#### DATA BELOW
-*-*-
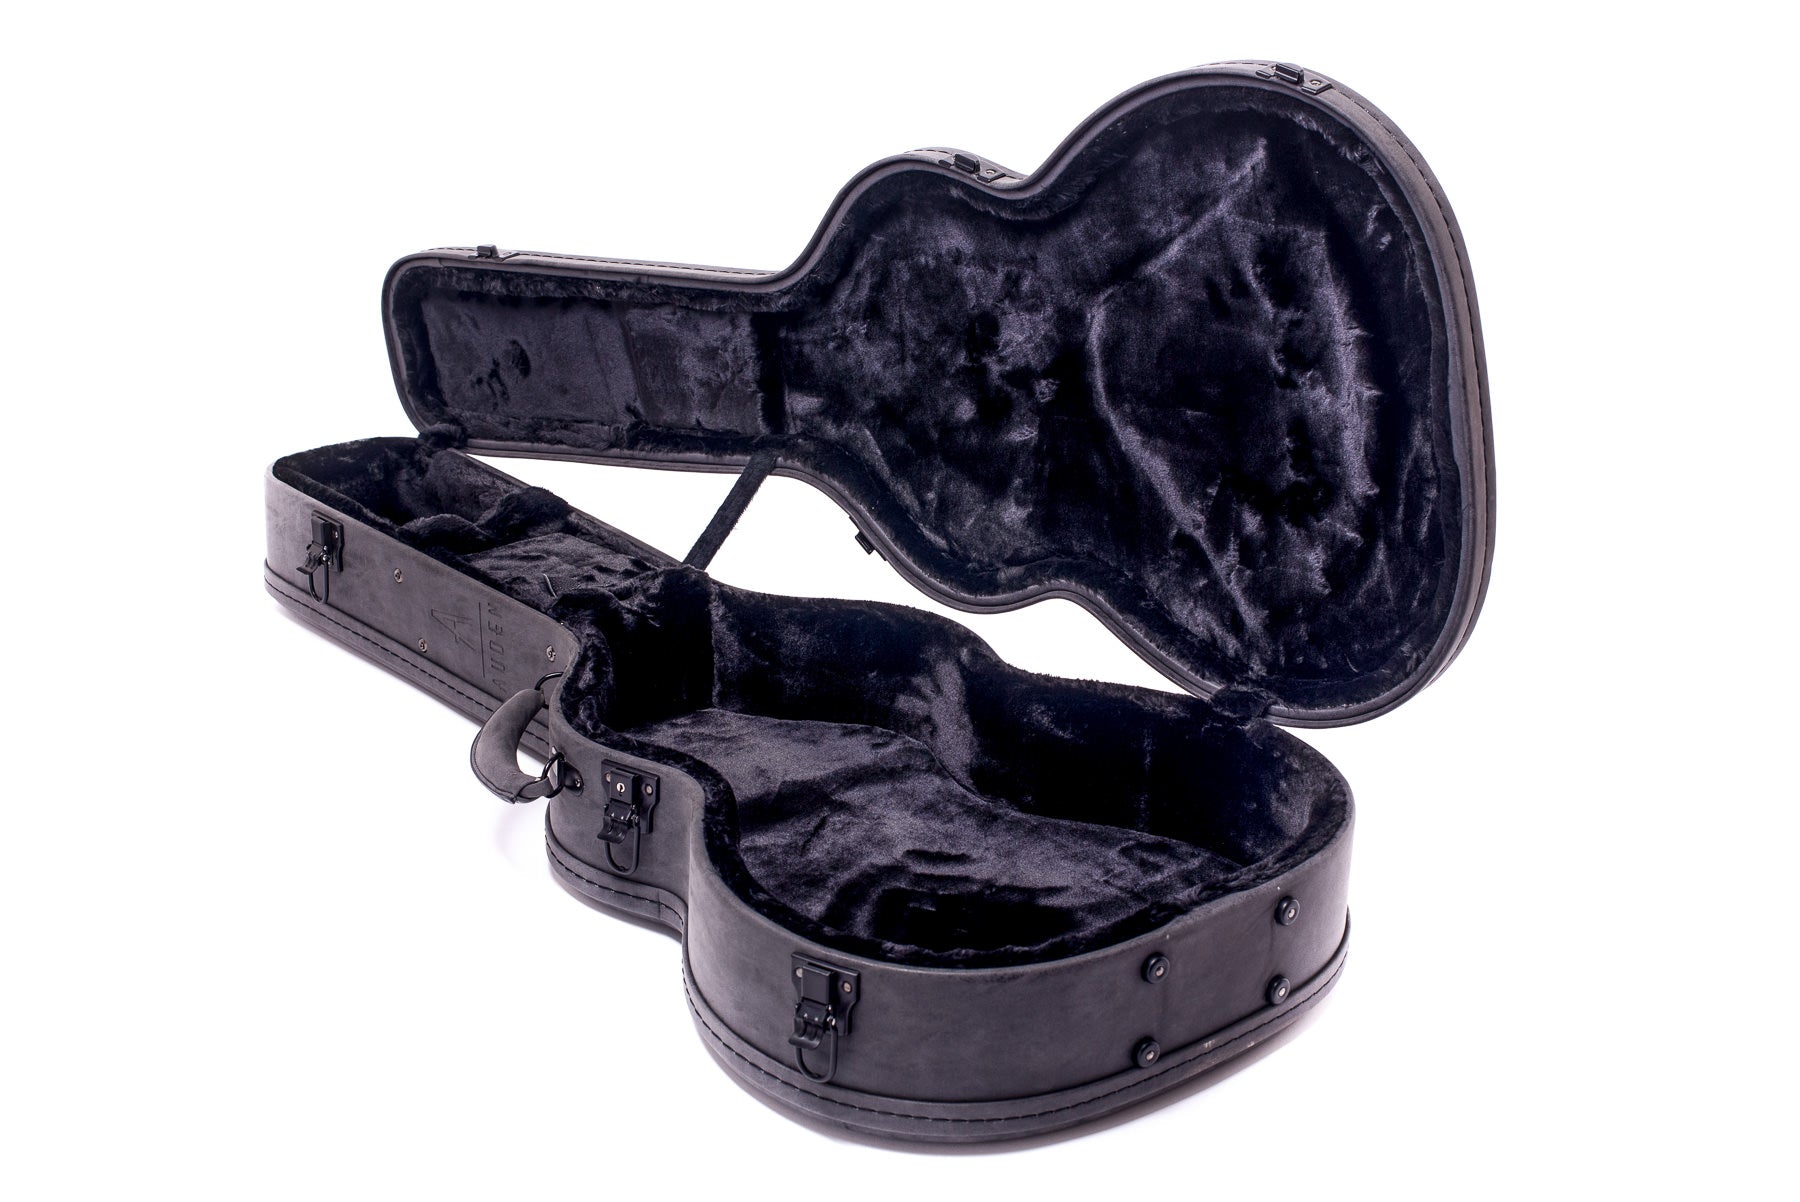 Auden Austin Black Series Spruce Mahogany Cutaway Electro Acoustic Guitar, Electro Acoustic Guitar for sale at Richards Guitars.
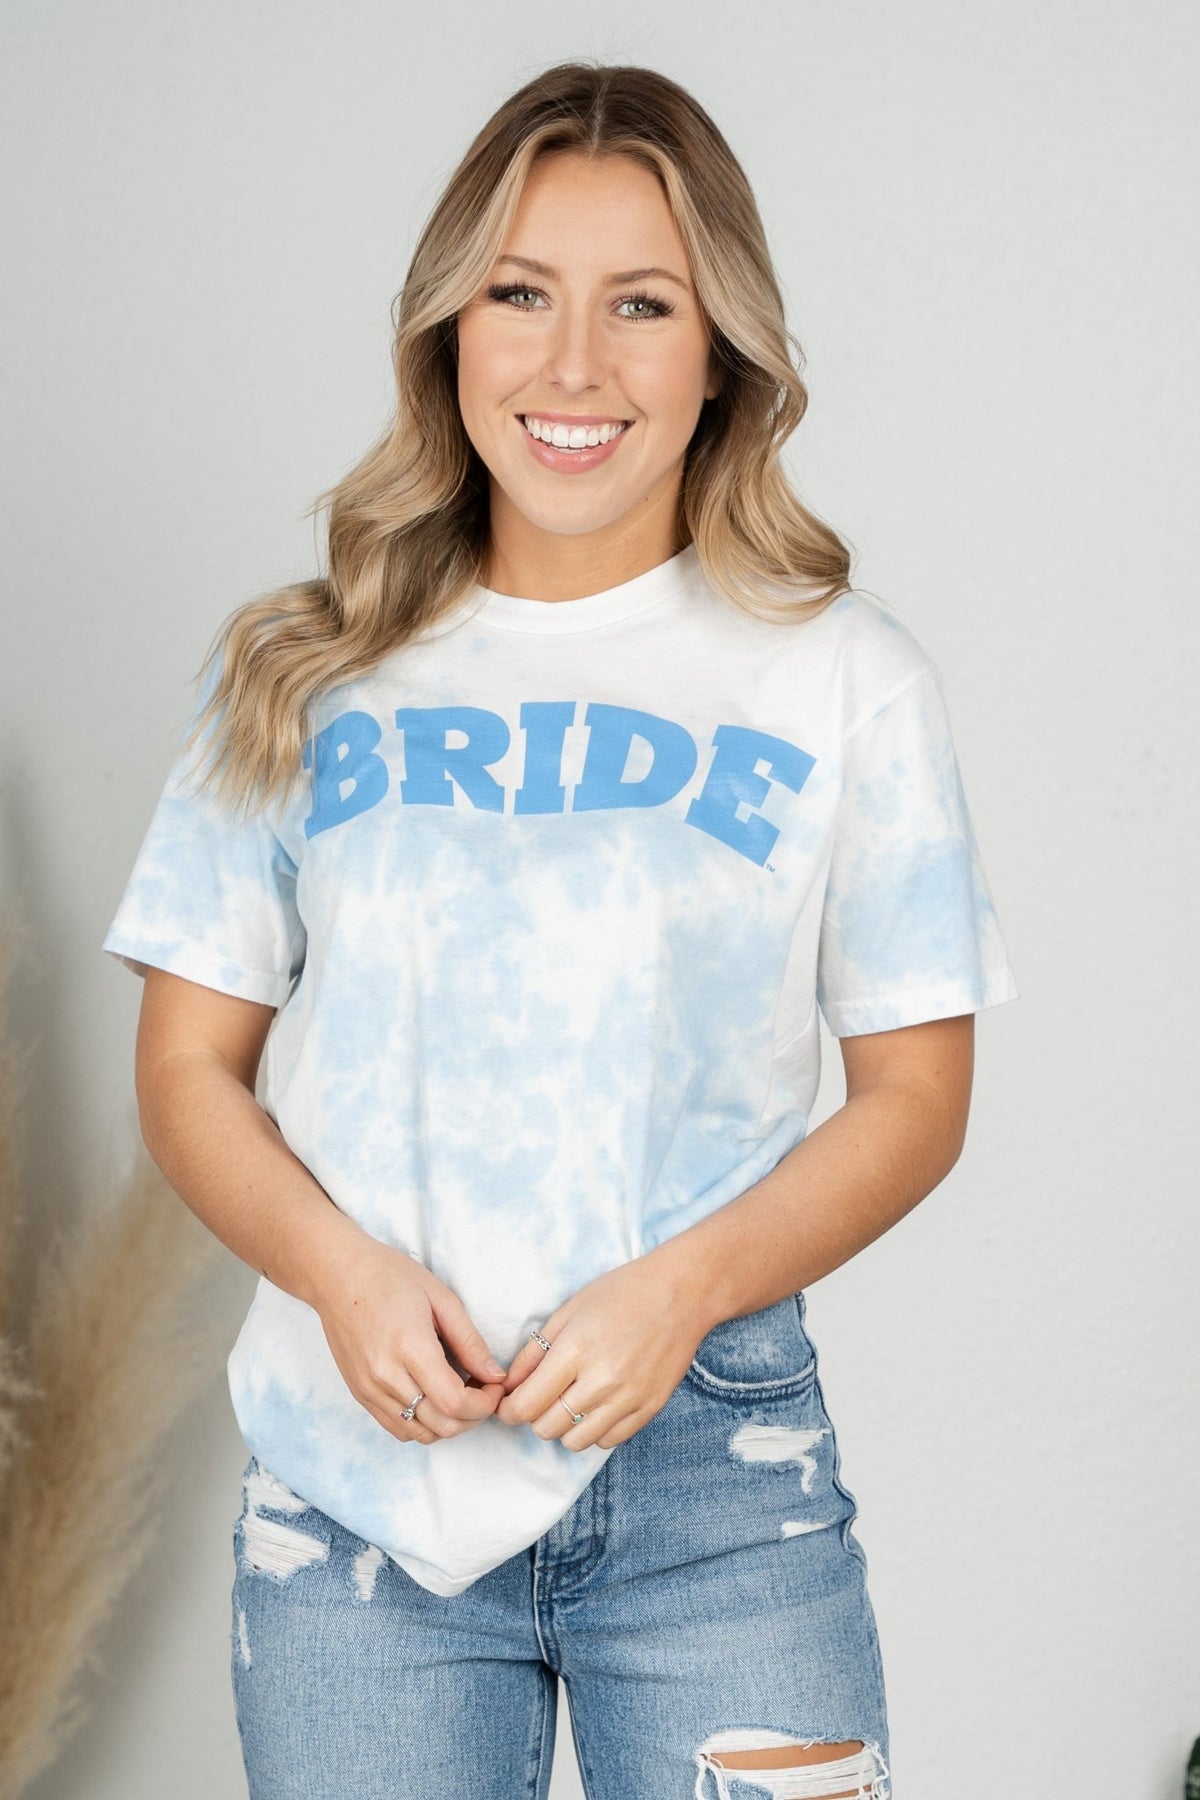 Bride dream on tie dye t-shirt blue - Tie Dye T-shirts - Tie Dye Clothing at Lush Fashion Lounge Trendy Boutique in Oklahoma City
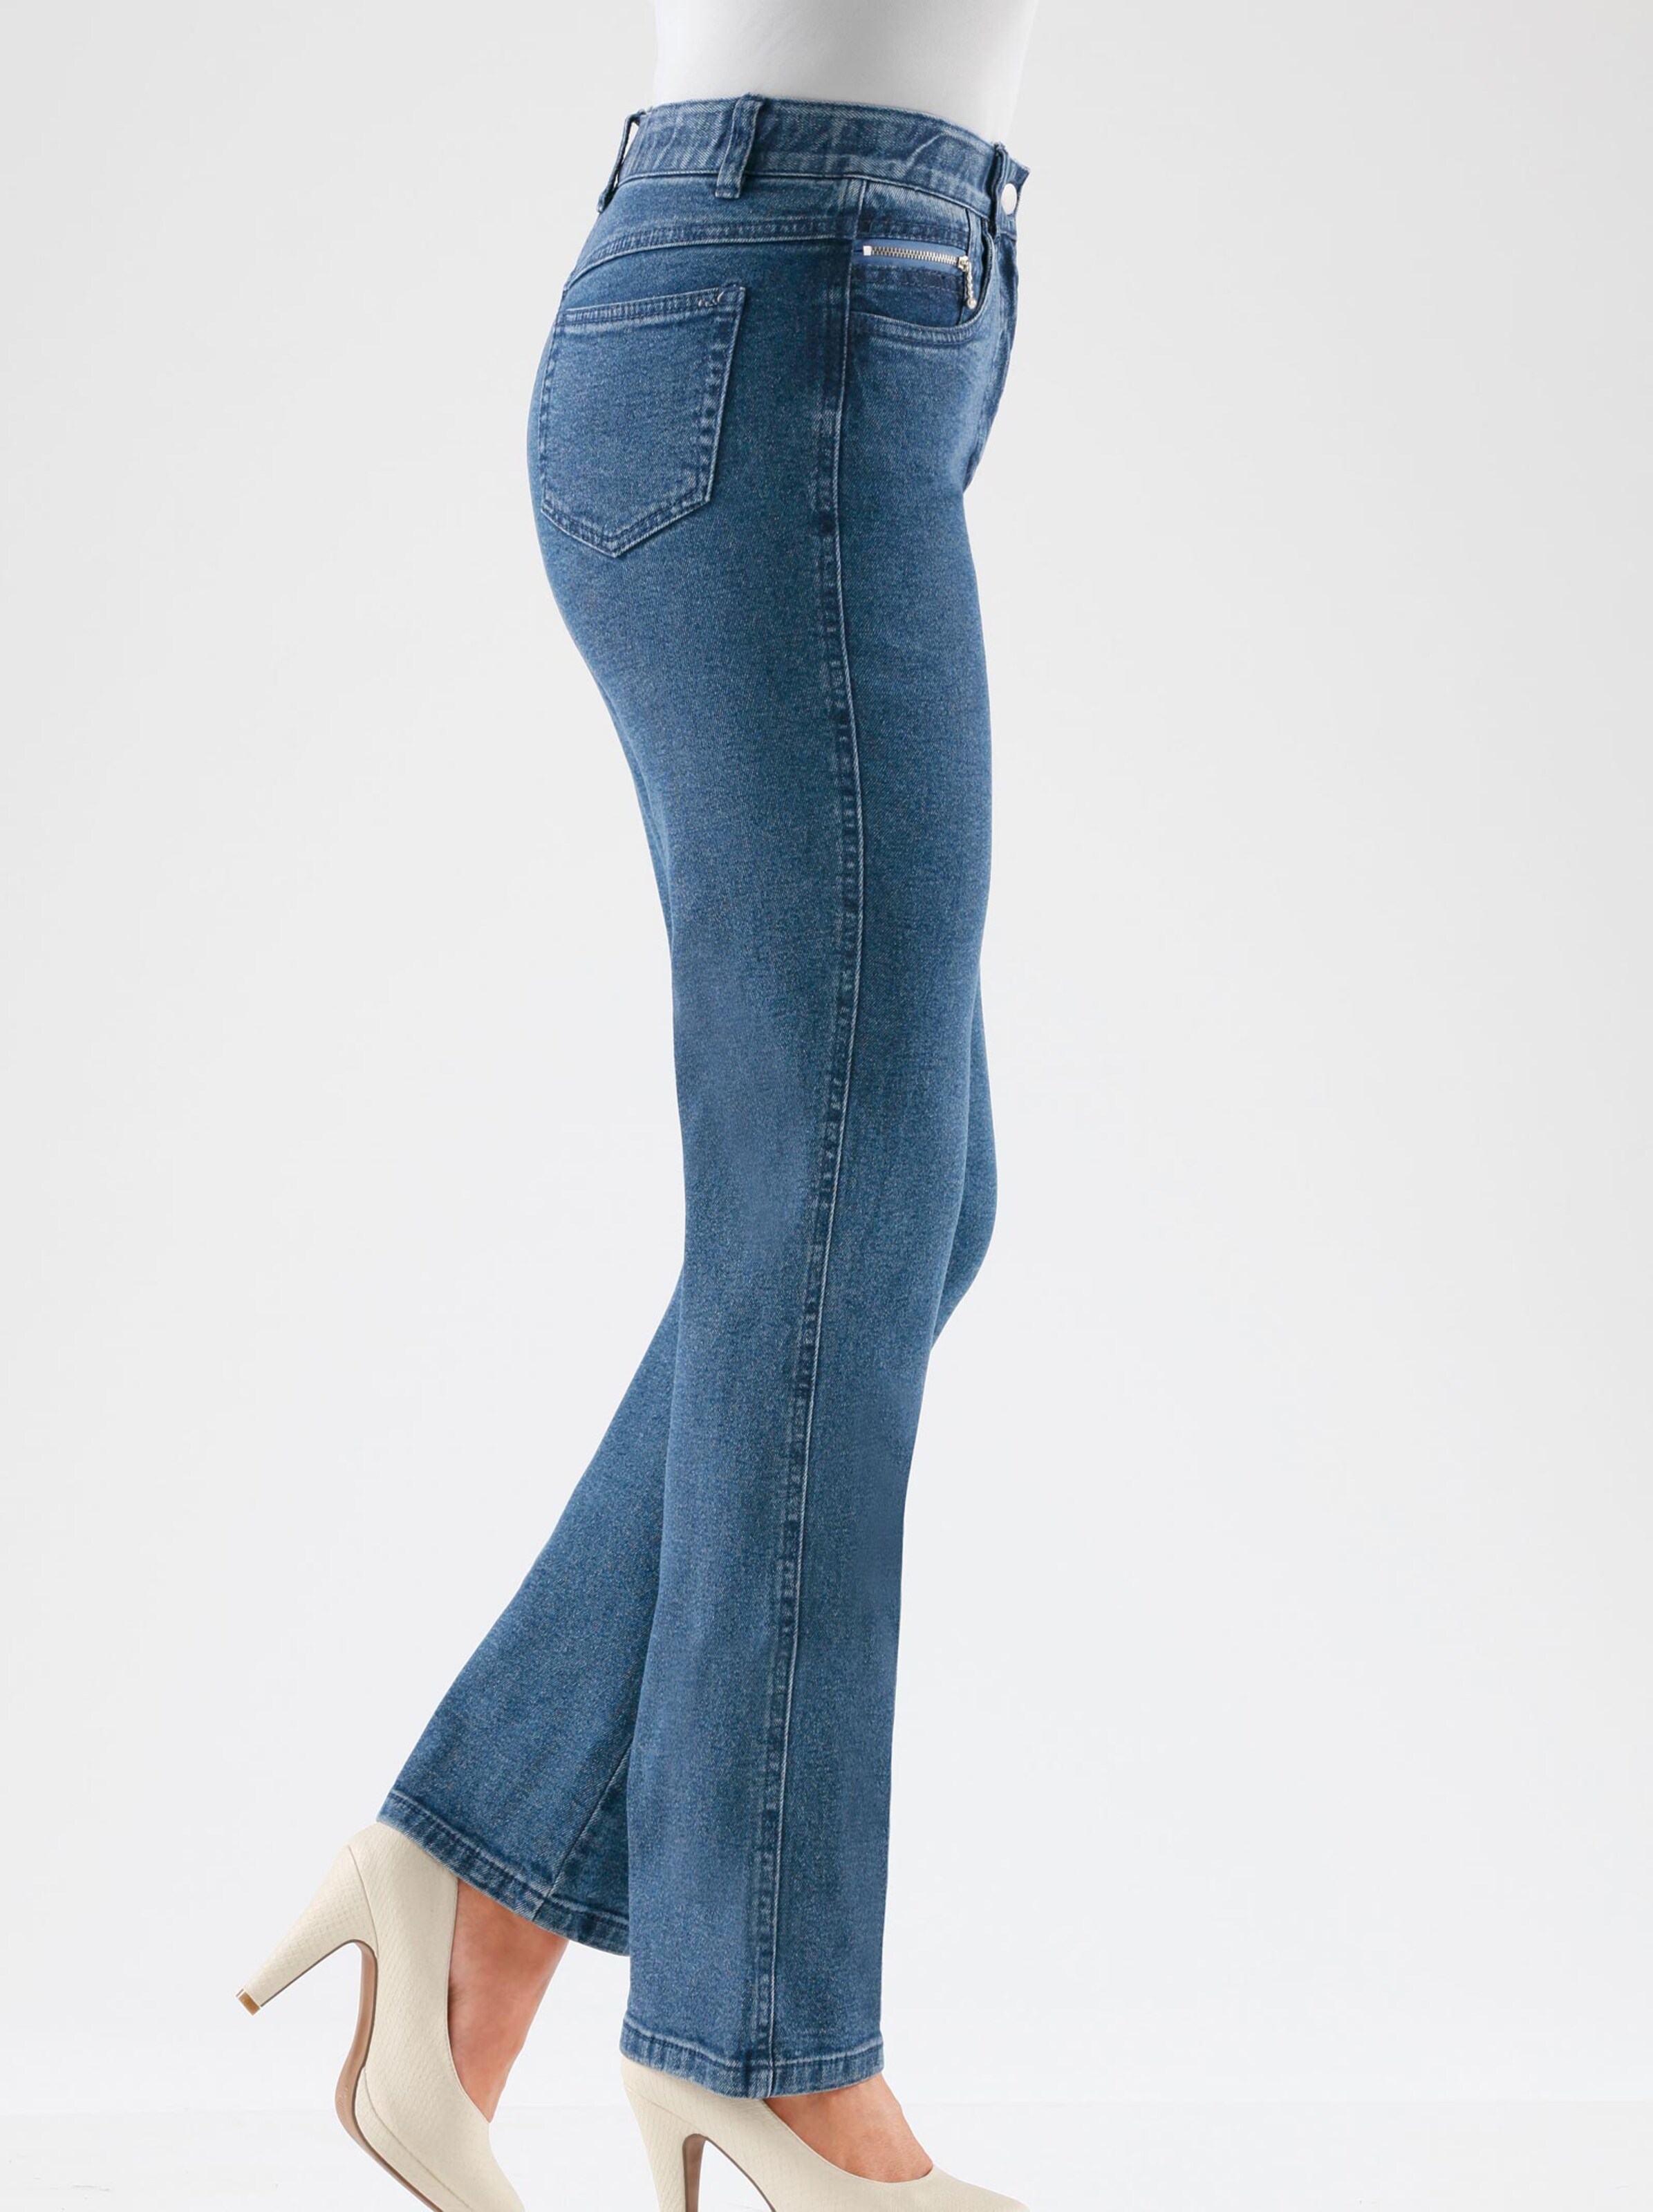 Damenmode Jeans 5-Pocket-Jeans in blue-stone-washed
-*-*-
#### EXERCISE OBJECTIVE
The data is to be restated word for word, with any pictures set aside.

#### ANSWER TO THE EXERCISE
 Auden Austin Black Series Spruce Mahogany Cutaway Electro Acoustic Guitar, Electro Acoustic Guitar for sale at Richards Guitars.
 Bride dream on tie dye t-shirt blue - Tie Dye T-shirts - Tie Dye Clothing at Lush Fashion Lounge Trendy Boutique in Oklahoma City
 Damenmode Jeans 5-Pocket-Jeans in blue-stone-washed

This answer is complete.